Final Census Results Released, Sans Ethnic and Religious Data

By Yen Saning 29 May 2015

RANGOON — Most of Burma’s finalized census data were released on Friday, with the country’s population clocking in at 51,486,253 people, a number that includes an estimated 1.2 million heads that were not counted in Arakan, Kachin and Karen states.

The non-enumerated total breaks down to 46,600 people in Kachin State, 69,753 in Karen State, and 1,090,000 in Arakan State. In Kachin and Karen states, conflict between the government and ethnic armed groups prevented enumerators from entering rebel-controlled areas, while in Arakan State the vast majority of those uncounted were Rohingya, a Muslim minority group that the government does not recognize.

A controversial last-minute policy change saw the government refuse to tally individuals self-identifying as Rohingya, contravening UN census guidelines and earning international criticism.

The census was conducted in March and April of 2014, and marked the first attempt to carry out a nationwide population count in more than three decades. The massive data set includes demographic characteristics and living conditions, detailing population size and growth, age and sex, marital status, migration, births and deaths, education, employment, disability, and housing conditions and amenities in each of Burma’s 330 townships.

The United Nations Population Fund (UNFPA), which supported the Burmese government in conducting the census, said in a press release on Friday that additional information on the population’s ethnic and religious makeup, occupational profile and maternal mortality rate are due to be released next year, requiring more time for analysis and consultation.

Vijay Nambiar, special adviser to the secretary-general on Burma, congratulated the government on a “monumental achievement” at a ceremony marking the census results’ release, while noting shortcomings in the process, specifically the controversy over self-identifying Rohingya and disagreements over how to categorize the country’s ethnic diversity.

“The official list of ethnic groups used in the census was also a source of disagreement and misgivings. The Government has wisely decided to convene a consultative process to revise the categorization to represent Myanmar’s ethnic diversity more accurately before it releases ethnic data,” Nambiar said.

In May 2014, the International Crisis Group released a report warning of potential risks surrounding the timing of the census and publication of its results. It warned that disagreements over how to categorize ethnic identities and the possibility that “the total number of Muslims in the country may be much higher than expected,” could potentially stoke tensions at a time when Burma is preparing to hold a landmark general election, which is due in early November.

On Friday, there was no explicit indication from the United Nations that the election was a factor in delaying the release of ethnic and religious data, but a UNFPA official told The Irrawaddy early this month that the government had made the decision “in consideration of the sensitivities of this data.”

Reflecting just how politicized the census in Burma has become since the United Nations first offered its assistance in 2012, the executive director of the UNFPA waded into another domestic source of recent controversy in remarks on Friday. Indirectly referencing a recently passed Population Control Law that has been criticized by women’s rights advocates, Dr. Babatunde Osotimehin joined the legislation’s detractors in voicing concern over its restrictions.

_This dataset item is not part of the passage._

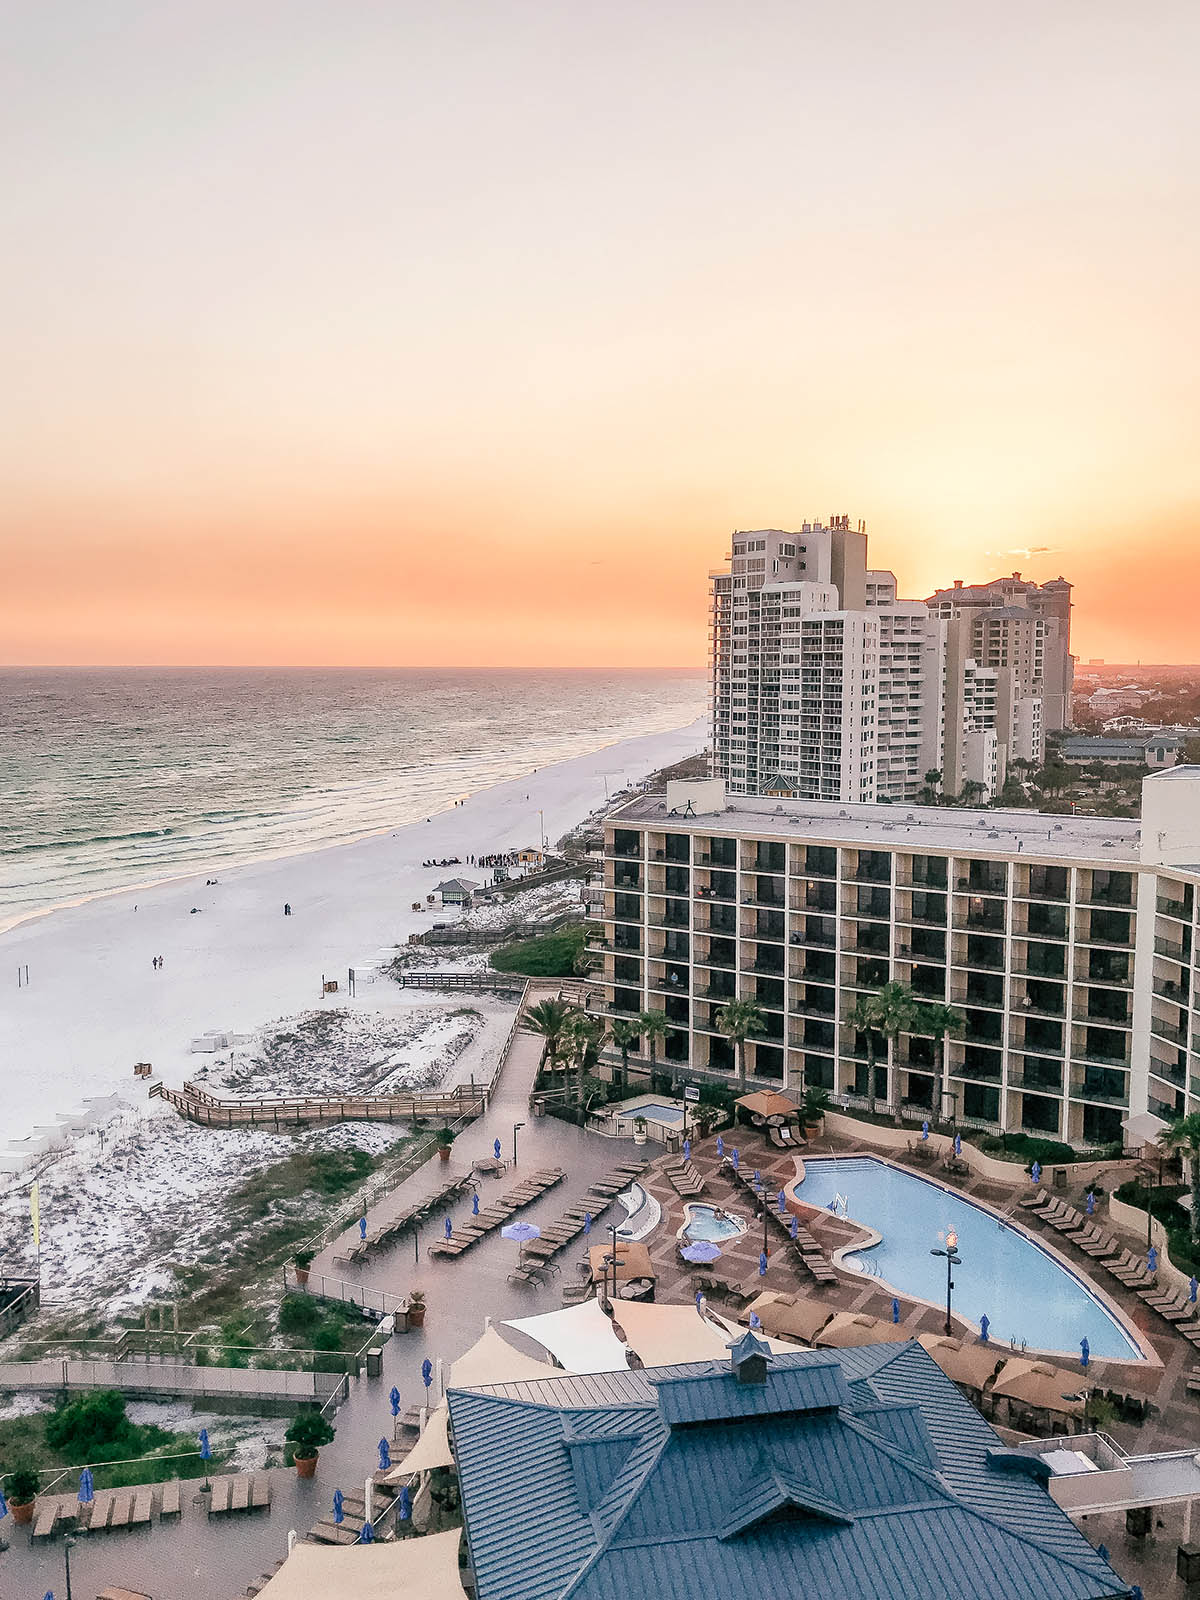 Sandestin Travel Guide | Sandestin Hilton | Sandestin Beach

“Every woman and couple has the right to freely determine the number, timing and spacing of their children, free of discrimination, violence and coercion,” he said. “Coercive laws regulating the number or spacing of children violate human rights, and contradict the Government’s national commitments and international obligations.”

After Decades of Guesswork, Hard Numbers

Burma has an annual population growth rate of 0.89 percent, one of the lowest in the region, and saw its birth rate fall to an average of 2.3 children per family, down from 4.7 in 1983.

Sixty-two out of every 1,000 children born die before the age of 1, with the infant mortality rate almost 40 percent higher in rural areas.

Half of the population is under the age of 27.

Average life expectancy is 67 years, one of the lowest in Southeast Asia, while women live six years longer than men.

Urban dwellers account for less than 30 percent of the population, with Rangoon Division and neighboring Irrawaddy Division the two most populace administrative territories, home to 7.36 million and 6.18 million people, respectively.